## Given data

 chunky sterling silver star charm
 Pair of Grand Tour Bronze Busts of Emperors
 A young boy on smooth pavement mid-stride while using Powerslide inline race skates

## Problem requirements
Your answer should be an exact copy of the lines from the one with "Pair of Grand Tour Bronze Busts of Emperors" through the end of the material, with no other lines.

## Expected answer
 Pair of Grand Tour Bronze Busts of Emperors
 A young boy on smooth pavement mid-stride while using Powerslide inline race skates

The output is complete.